In some ways we've traded speed for productivity.




Some would argue we've traded speed of execution for snake oil (so called speed of "productivity").

This tweet is an interesting visual that makes the same point: https://twitter.com/TheoVanGrind/status/888850519564984322


Software has become more increasingly complicated over time. Aside from adding new features, many companies have improved their efforts of providing accessible applications to a international audiences.

Let's not forget we've drastically increased security by writing applications in safer languages.

Oh, and newer applications tend to support a far wider variety of devices types, displays, inputs, etc.

Developers definitely be investing a lot more effort into improving the status-quo, but it's unfair to claim stuff is slower without improvements.


> it's unfair to claim stuff is slower without improvements.

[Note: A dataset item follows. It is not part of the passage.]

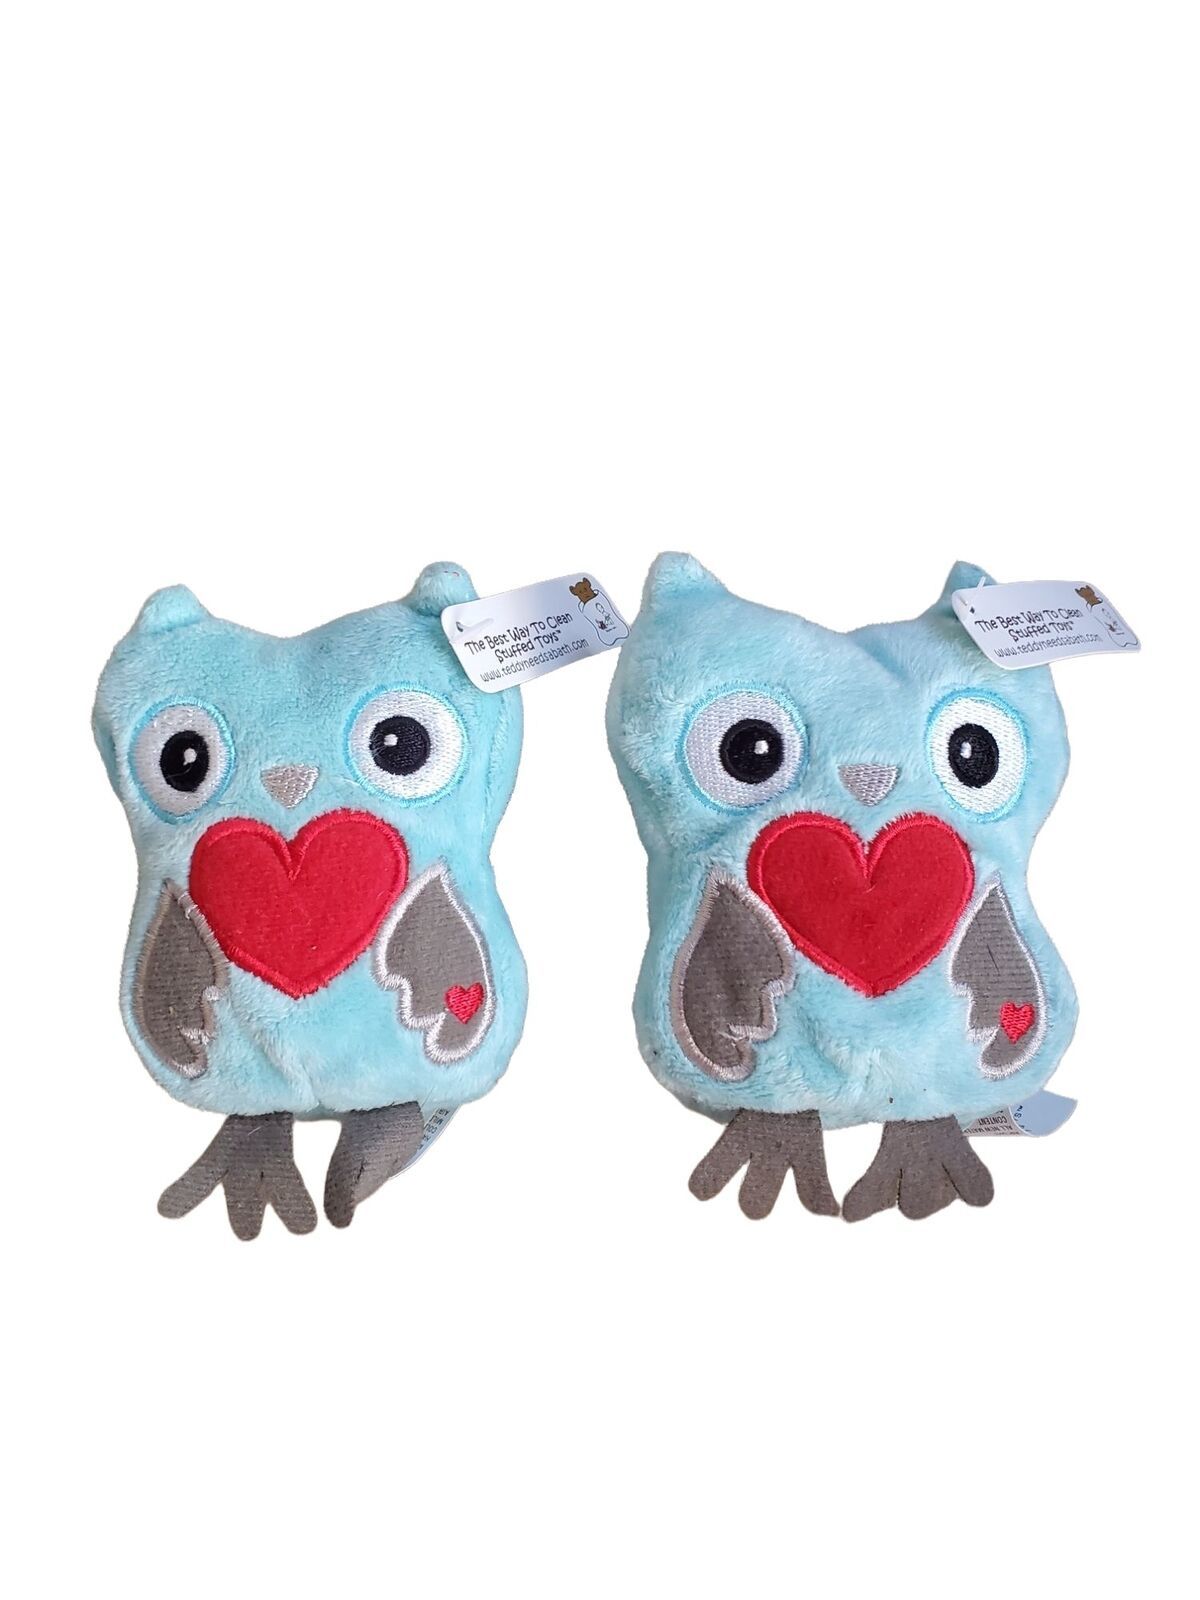 Gund Tweethearts Plush Owls Set O f 2 4 Inch Plush Stuffed Animals Blue Love - £10.11 GBP
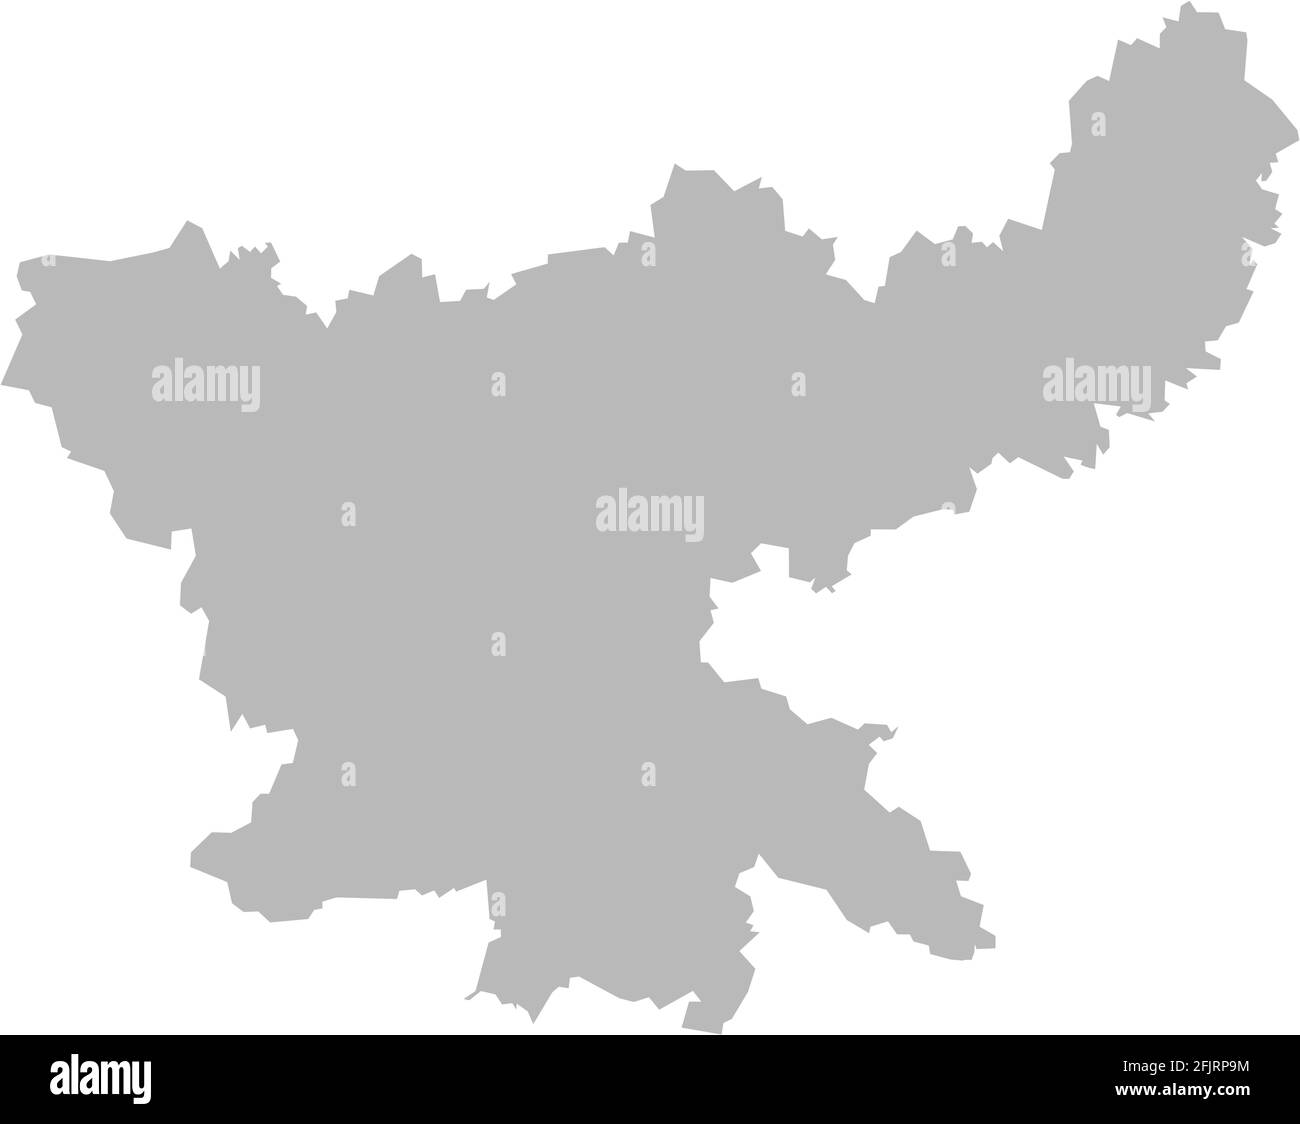 Mappa dello stato indiano di Jharkhand. Sfondo grigio chiaro. Progettazione grafica dei concetti aziendali. Illustrazione Vettoriale

I claimed no such thing. You're arguing against a statement I never made. Isn't that what's called a straw man argument?


Sorry, it wasn't my intention to misconstrue your comment.


> "the microsoft office suite for instance slows down every generation despite only having minor improvements and not actually being that different now than from 95"

I can't comment on most of the Office suite, but Excel evolved quite a bit since 95. Tables, PowerBI, Apps for Office, etc... If your needs are basic enough then even VisiCalc will do the job, but new features do make an impact for more demanding users.


That's not the point though. The example given in the article was Google Docs which has the same UI paradigm to Word. Under the hood it's massively different obviously with real time collaboration and constantly up to date syncing.

So, the reasoning is that UI is fundamentally the same (or worse if not done right) to native UI from the 90's, yet it hasn't had a massive speed increase which seems wasteful.

But modern UI in Office is only an evolution of what was there in the 90s and hasn't changed fundamentally either yet it doesn't feel any faster.

UI is only a small part of an app, a well designed app will have most of the work performed outside of the UI thread and it shouldn't feel any slower than a native implementation. My thoughts are rendering speed isn't the issue but application design.


> But modern UI in Office is only an evolution of what was there in the 90s and hasn't changed fundamentally either yet it doesn't feel any faster.

Sure, and Office in the 90s didn't feel any faster than the word processing I was doing on an Apple II+ in middle school. This is because the people buying (and building) software care about other things than processor efficiency. If it's generally fast enough for their normal use, they won't switch to a competitor.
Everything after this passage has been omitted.